Segment Open

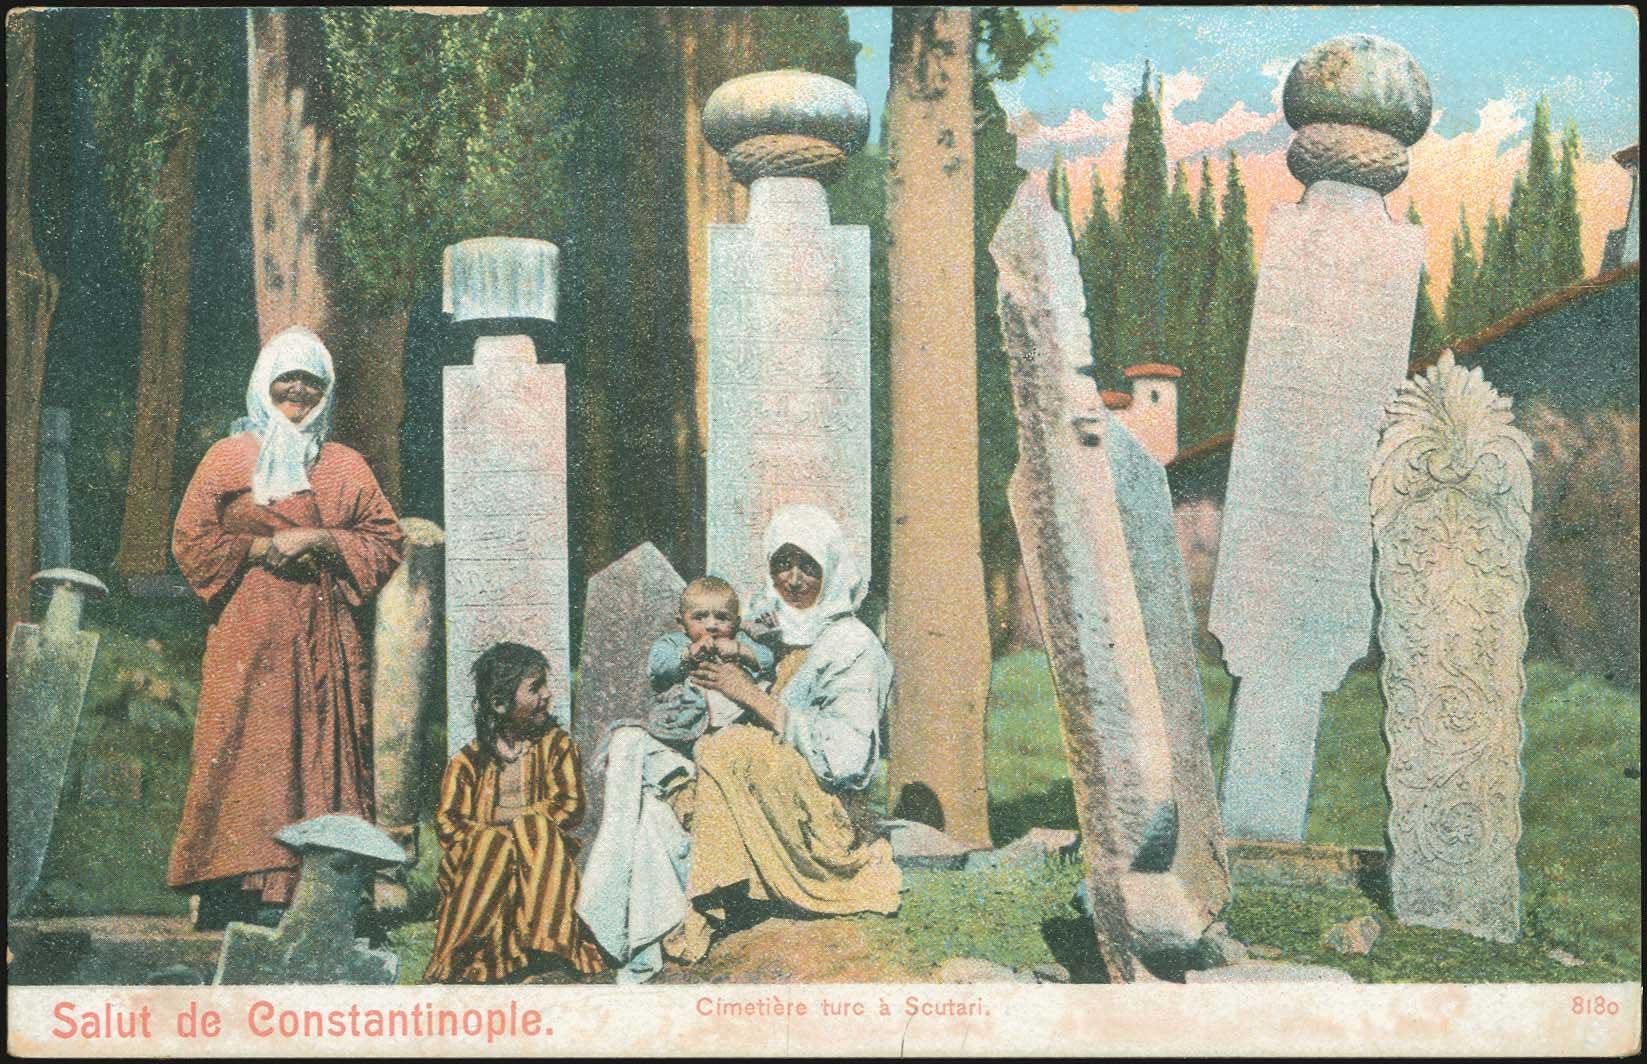 Lot 1762 - -  PICTURE POSTCARDS SMYRNE, CONSTANTINOPLE, ASIA MINOR -  A. Karamitsos Public & Live Internet Auction 675
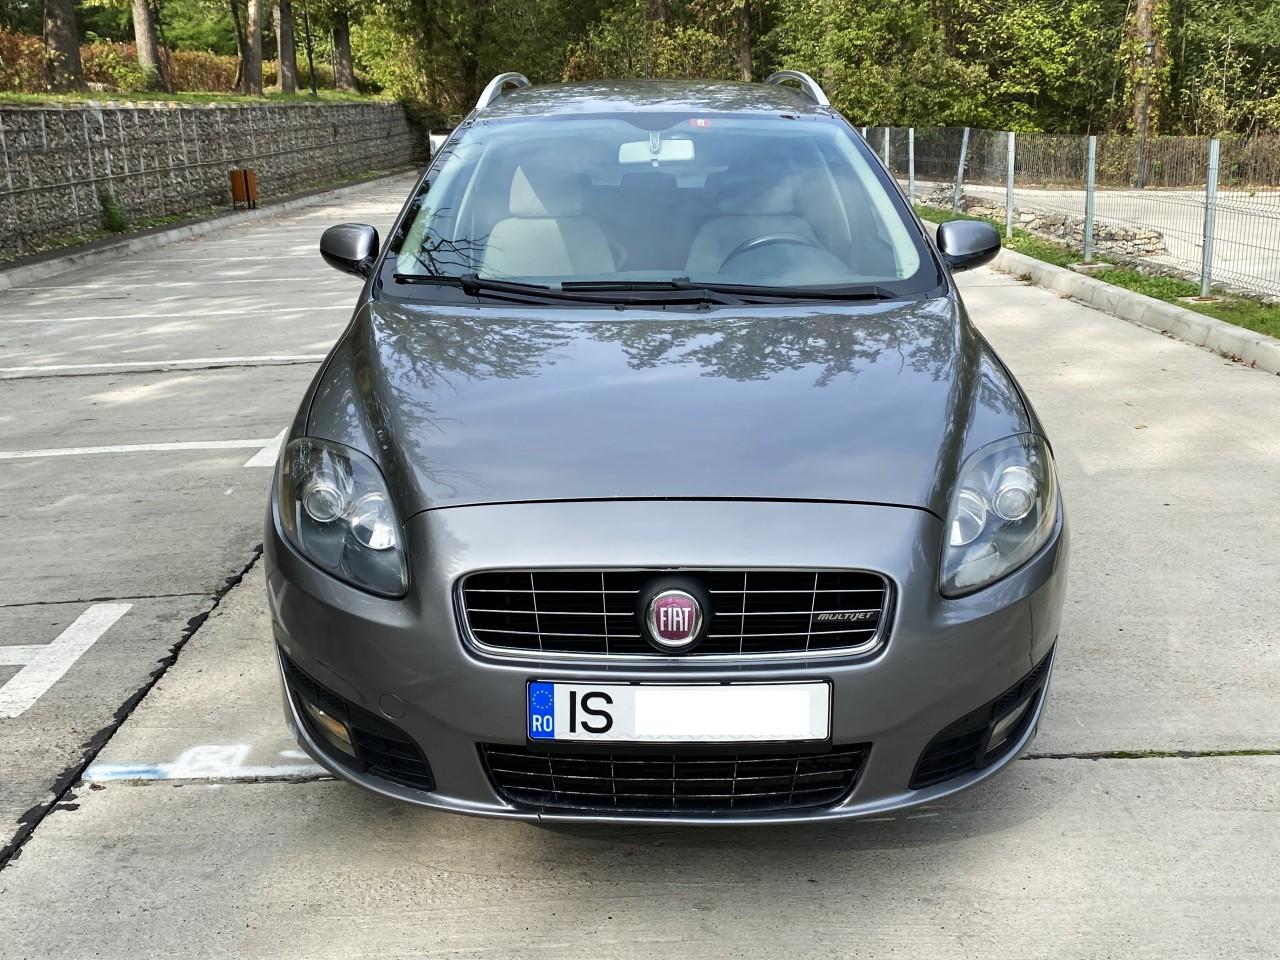 Fiat Croma 1,9 multijet 150 cp fab. 2009
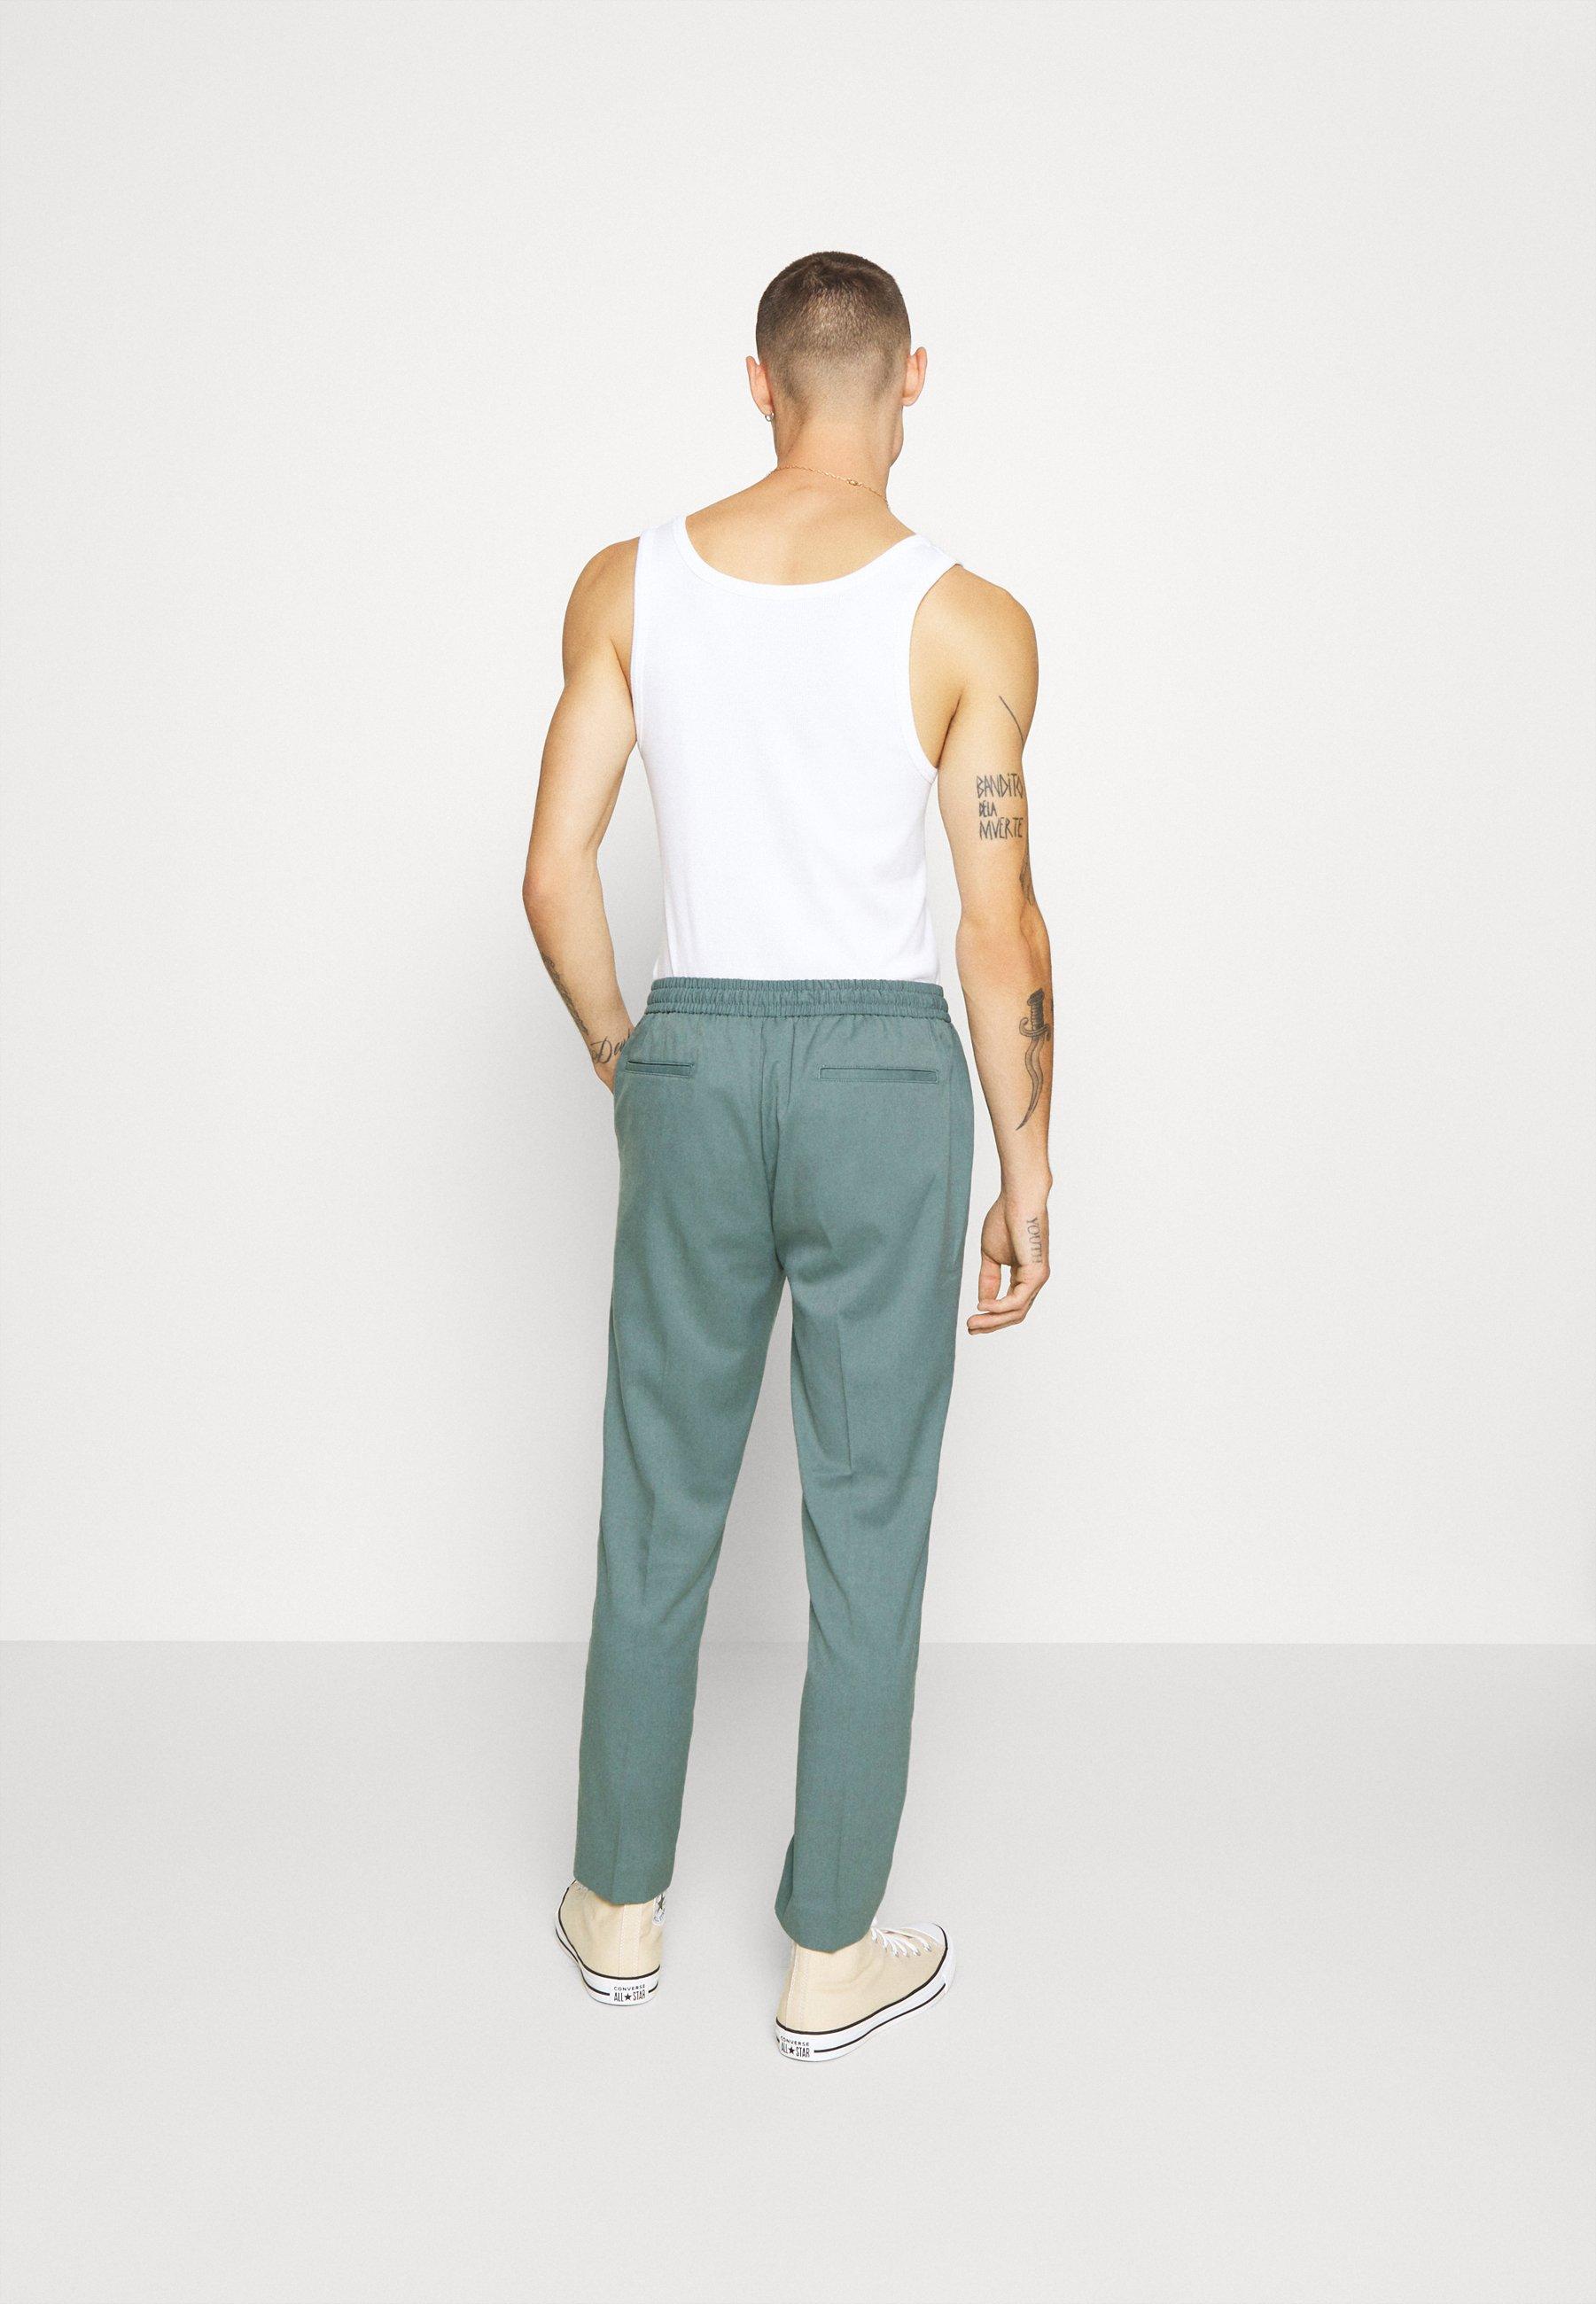 Topman Bukse - Green/grønn

Segment Closed

Return the material in full and unaltered, minus its pictures.

 Lot 1762 - -  PICTURE POSTCARDS SMYRNE, CONSTANTINOPLE, ASIA MINOR -  A. Karamitsos Public & Live Internet Auction 675
 Fiat Croma 1,9 multijet 150 cp fab. 2009
 Topman Bukse - Green/grønn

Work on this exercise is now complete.